Absolutely agree. The problem is its use without definition. So many articles and posts use it without defining it, which makes effective communication needlessly difficult. I'm not saying every post needs to be a Wikipedia page of links to definitions and citations, but when starting a dialogue with someone ignorant of issues in discrimination, it loses all value if the other person doesn't know what it means. This is especially problematic when privilege is usually used to refer to silver spoon economic advantage in everyday use (at last, that's its most frequent use in my experience.)

I know many people who got defensive when they were told they were privileged because no definition accompanied it. It immediately triggered defensiveness, and the response was always "I'm not privileged, I had to work for everything I have," because most people I know come from lower middle class backgrounds and struggled financially. I was like that initially too. It wasn't until having it explained that everything clicked. Suddenly conversations about these issues made sense, and it's changed so much about my outlook. But I didn't get that explanation at first, and that made it harder to learn than it would have otherwise. Explaining what privilege was to others usually caused the same reaction I had of realization.

My concern isn't with the word privilege, it's with using it from a place of familiarity with those who aren't without an explanation.
 
Pogijones posts is well intended, well articulated, and a decent argument but I'm afraid it ignores reality to some degree. To draw an analogy, if someone wrongs you in any way you the smart thing to do is tell them what they did and why it don't sit well with you. You aren't suddenly the bad guy in the situation if you preface that explanation with "you're being a jerk/asshole". To focus on "check your privilege" being antagonizing is concern trolling and derails the discussion. You're effectively making it about you and your feelings and not the shit you said that was wrong. That's manipulative as fuck.

I'm going to say what I've said to apologists of the Washington Redskins name and the eligibility of the word "Faggot" under the pretense that "It doesn't mean that tp me. Stop being upset".
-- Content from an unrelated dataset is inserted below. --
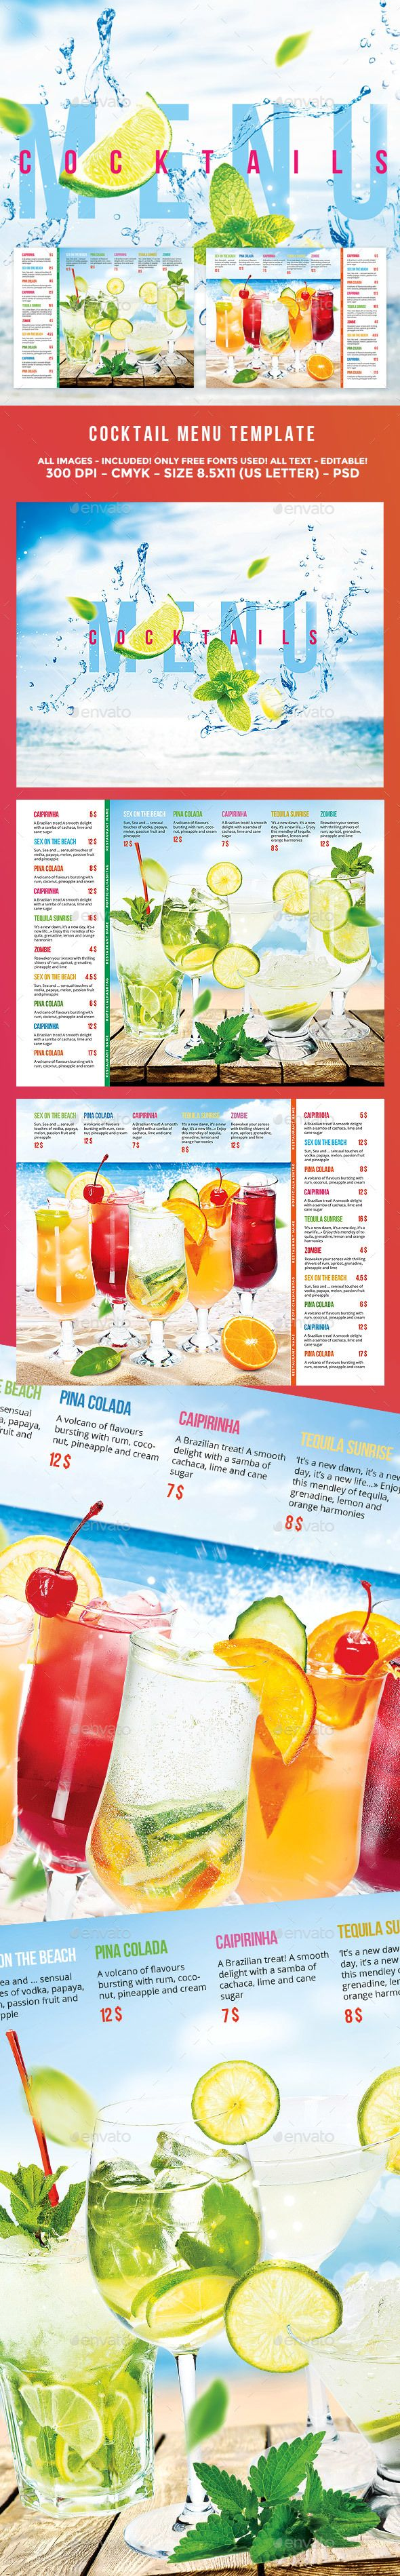 14 Best Images About Menu Book Inspritation On Pinterest  B86b07aeb874d16606badbd9abc7f10e Menu Book Inspritation Cocktail Menu  Template Free Download  Cocktail Menu Template Free Download

: If it upsets people, stop using it. I think a mod said that in another topic about a similar topic. Words are a tool of communication, and it seems pretty clear reading all over the internet that people interpretative "check your privilege" in a condescending light.
If you want to be understood, you have to understand the people back you are trying to communicate back with. When you are making an article and calling people out with "check your privilege" you're asking to be understood and to have your tribulations and difficulties in life being understood. Therefore it's unreasonable not to try and do proper communication with the people you are addressing.
@ "check your privilege" is just as much as what it says, as what it doesn't say, and clearly it doesn't respond to the sufferings people endure in other areas of life, like it was some graded pissing content. You might feel the words mean something else, but all these threads here on GAF and all over the internet suggests that there is a big enough outcry that they need to reformulate this otherwise well-intended three words because it upsets people.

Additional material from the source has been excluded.